A provider of cutting-edge Digital Health Tools & Solutions in Pretoria seeks the expertise of a Data Scientist with at least 10 years’ experience in the field of Technology and Information Management. Your role will entail the design, build and management of data pipelines for data structures encompassing data transformation, data models, schemas, metadata and workload management. You must have the ability to work with both IT and business in Integrating Analytics and Data Science output into business processes and workflows. The successful incumbent will need a suitable Bachelor’s Degree in Computer Science/Informatics or equivalent with a Data Science specific qualification. You will also require 5 years’ experience working with Predictive Analytics, Machine Learning and Neural Networks and proficiency with Big Data, SQL, R, Python, Java, ETL processes, data integration and data preparation flows and helping to move them in production.
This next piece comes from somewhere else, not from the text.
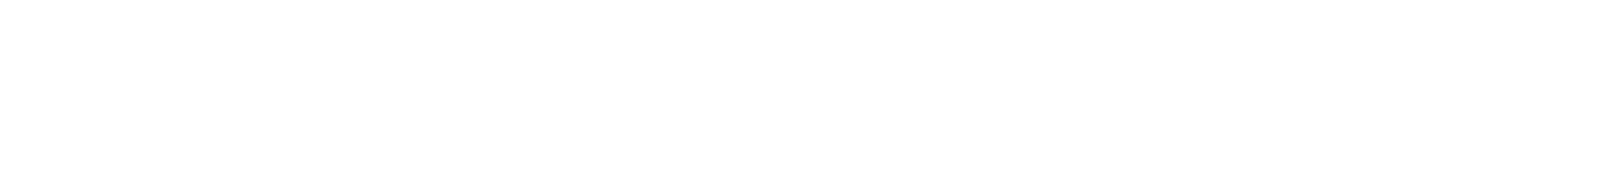 Meta (Facebook) logo grand pour les fonds sombres (PNG transparent)

You must also have advanced skills in – Wrangling and transforming data to perform meaningful analyses, Data visualisation and interpretation and effectively communicating results and findings and the application of statistical methods to draw scientific conclusions from data.
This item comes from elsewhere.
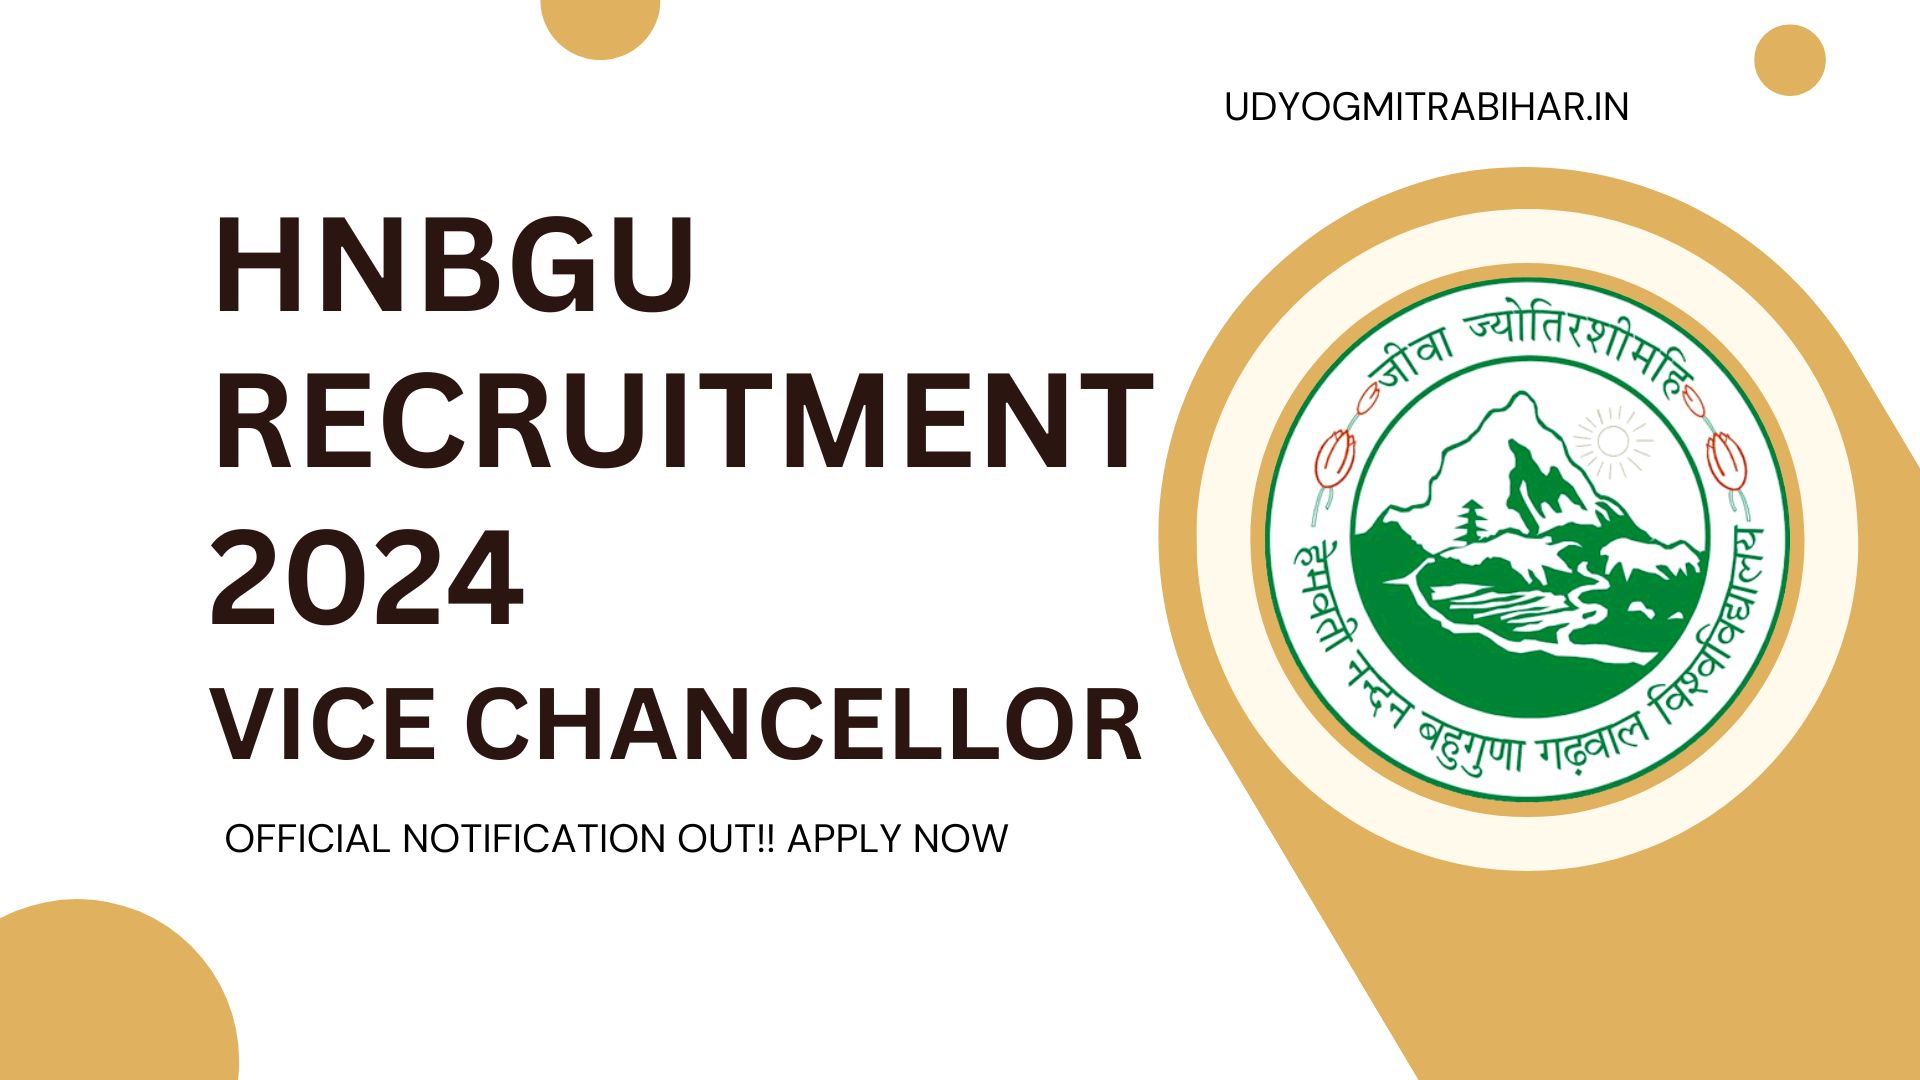 HNBGU Vice Chancellor Recruitment 2024, Official Notification, Application Process, Salary, Eligibility Criteria, Experience

Relevant Bachelor’s Degree or equivalent in Computer Science or Informatics.

Specific qualification in Data Science.

Honours Degree will be an advantage.

At least 10 years’ experience in the field of Technology and Information Management.

A minimum of 5 years’ experience working with Data Science technologies, such as Predictive Analytics, Machine Learning and Neural Networks.

Statistical Modelling and Machine Learning technologies.

Applying methods for Big Data to reveal patterns, trends, and associations.

Data management and analytics software and coding.

Popular database programming languages including SQL for relational databases.

Strong experience with advanced Analytics tools for Object-Oriented/Object function scripting using languages such as R, Python, Java etc.

Strong experience working with large, heterogeneous datasets in building and optimising data pipelines, pipeline architectures, and integrated datasets using traditional data integration technologies. These should include ETL/ELT, data replication/CDC.

Working with and optimising existing ETL processes, data integration and data preparation flows and helping to move them in production.

Wrangling and transforming data to perform meaningful analyses.

Data visualisation and interpretation and effectively communicating results and findings.

The application of statistical methods to draw scientific conclusions from data. Basic experience in working with message queuing technologies. Basic experience working with popular data discovery, analytics and BI software tools like Tableau, Power BI etc., for semantic-layer-based data discovery.